A resilient biasing means 866, which is a coil compression spring 866, is operatively associated with power piston 140 for biasing the power piston 140 toward its first position. Coil compression spring 866 has an upper end 868 which engages second side 144 of power piston 140, and has a lower end 870 which engages an upper end 872 of dump mandrel 860.
An annular cavity 874 is defined between dump mandrel 860 and power and relief housing section 800, and forms a part of second pressure conducting passage means 818.
A longitudinal bore 876 disposed through the length of second middle adaptor 802 communicates annular cavity 874 with annular cavity 842.
An annular cavity 878 is defined between operating mandrel 850 and pressure and relief housing section 800 above the dump mandrel 860. Annular cavity 878 forms a part of second pressure conducting passage means 818 and is communicated with annular cavity 874 and with the second side 144 of power piston 140.

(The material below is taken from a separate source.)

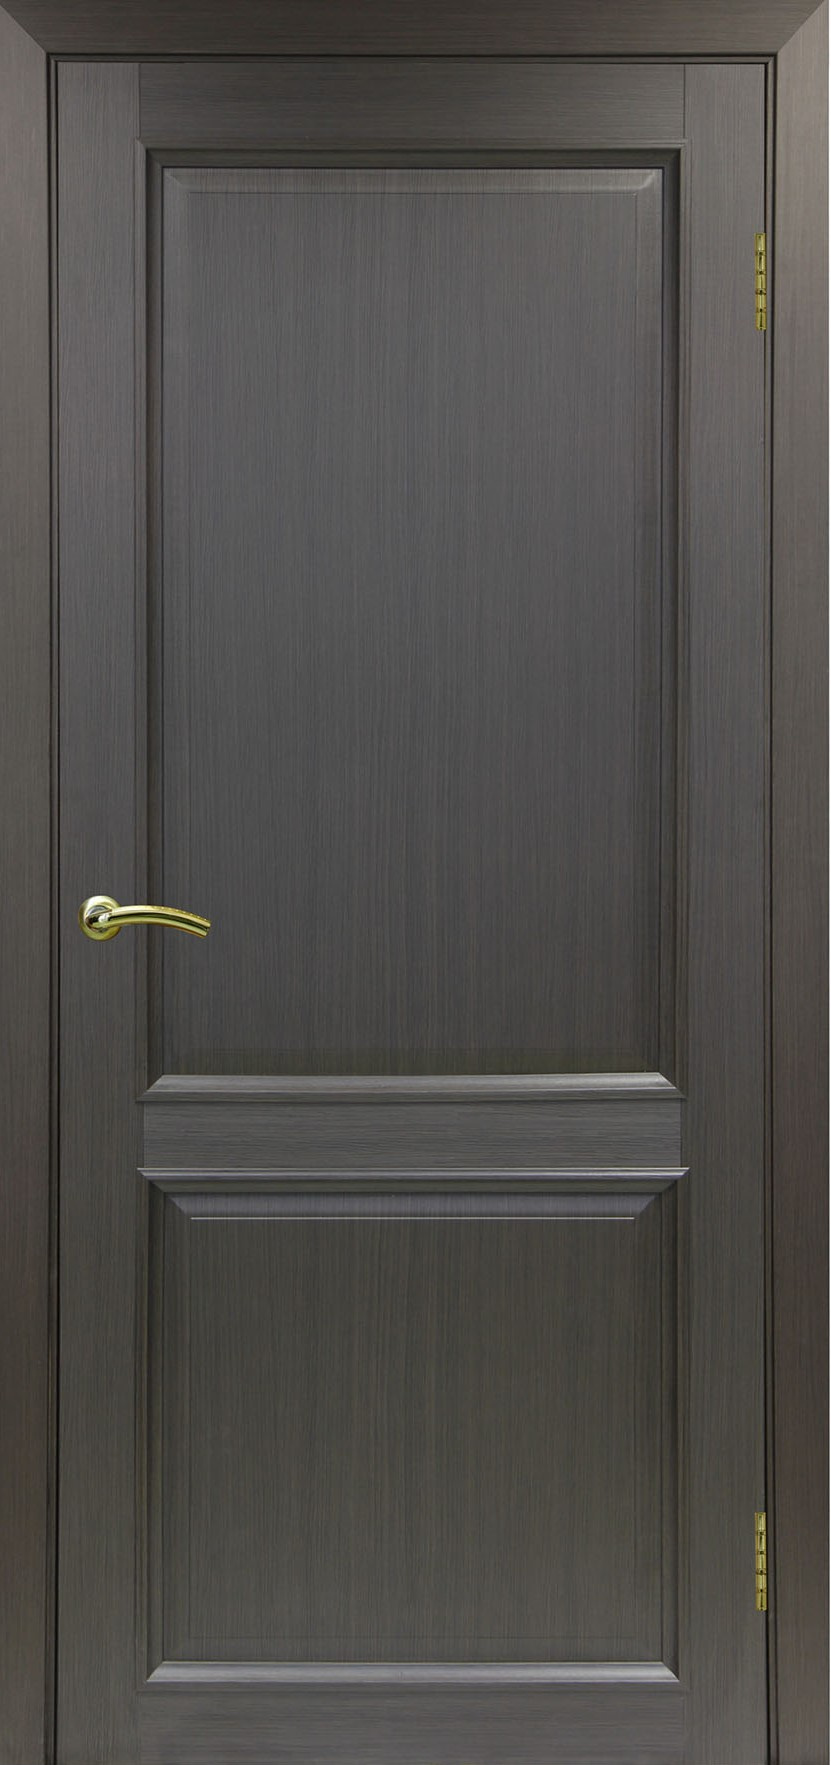 Межкомнатная дверь Тоскана 602 ОФ1.11 багет
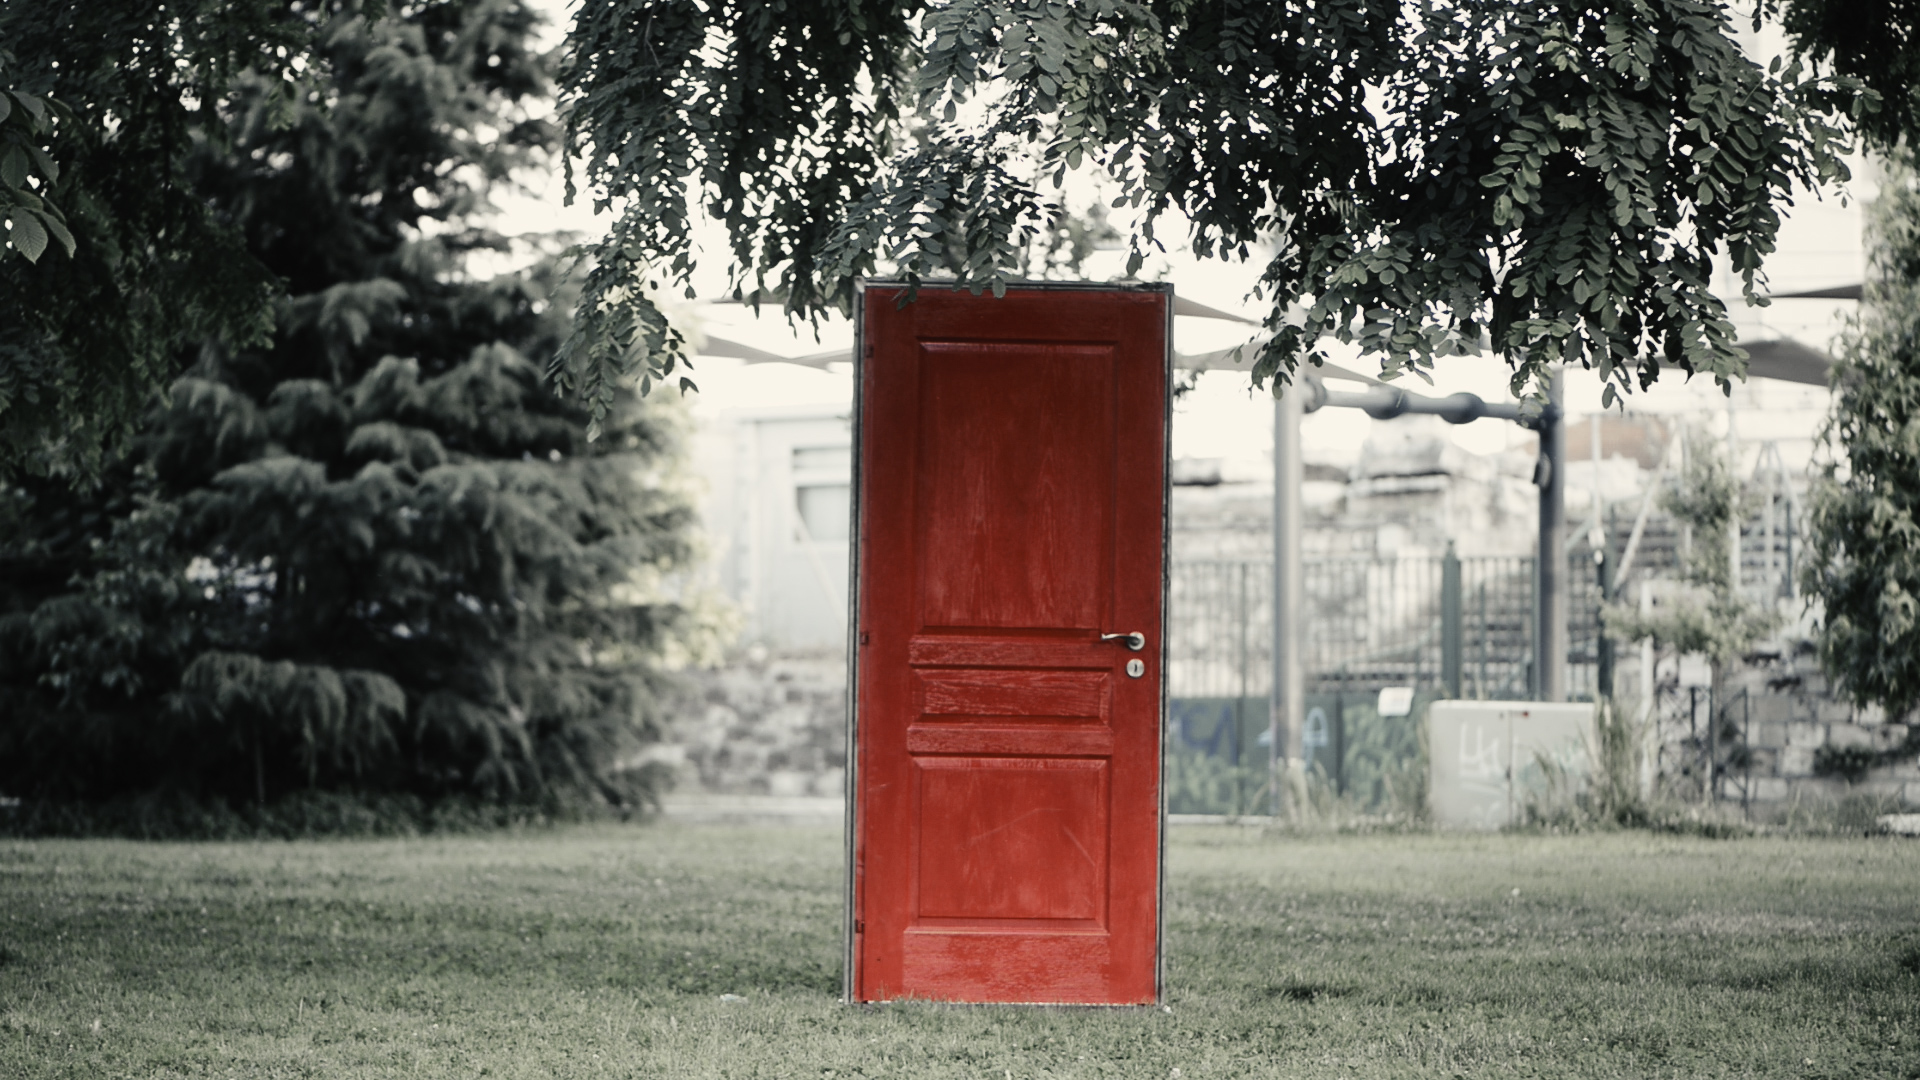 Αφίσα της ταινίας ΕΚΤΟΣ: Μία κατακόκκινη ξύλινη πόρτα στέκεται με το πλαίσιο της μόνο στo κέντρο ενός δημόσιου κήπου με χορτάρι και φυλλώδη δέντρα.

The operating mandrel 850, ratchet mandrel 858, and dump mandrel 860 are constructed to provide a pressure relief means 880. The pressure relief means 880 is communicated with the first portion of second pressure conducting passage means 818. The first portion of second pressure conducting means 818 is defined as the portion between the second side 144 of power piston 140 and the retarding means 830. Pressure relief means 880 is a means for relieving from said first portion of second pressure conducting passage means 818 a volume of fluid sufficient to permit power piston 140 to travel to its second position.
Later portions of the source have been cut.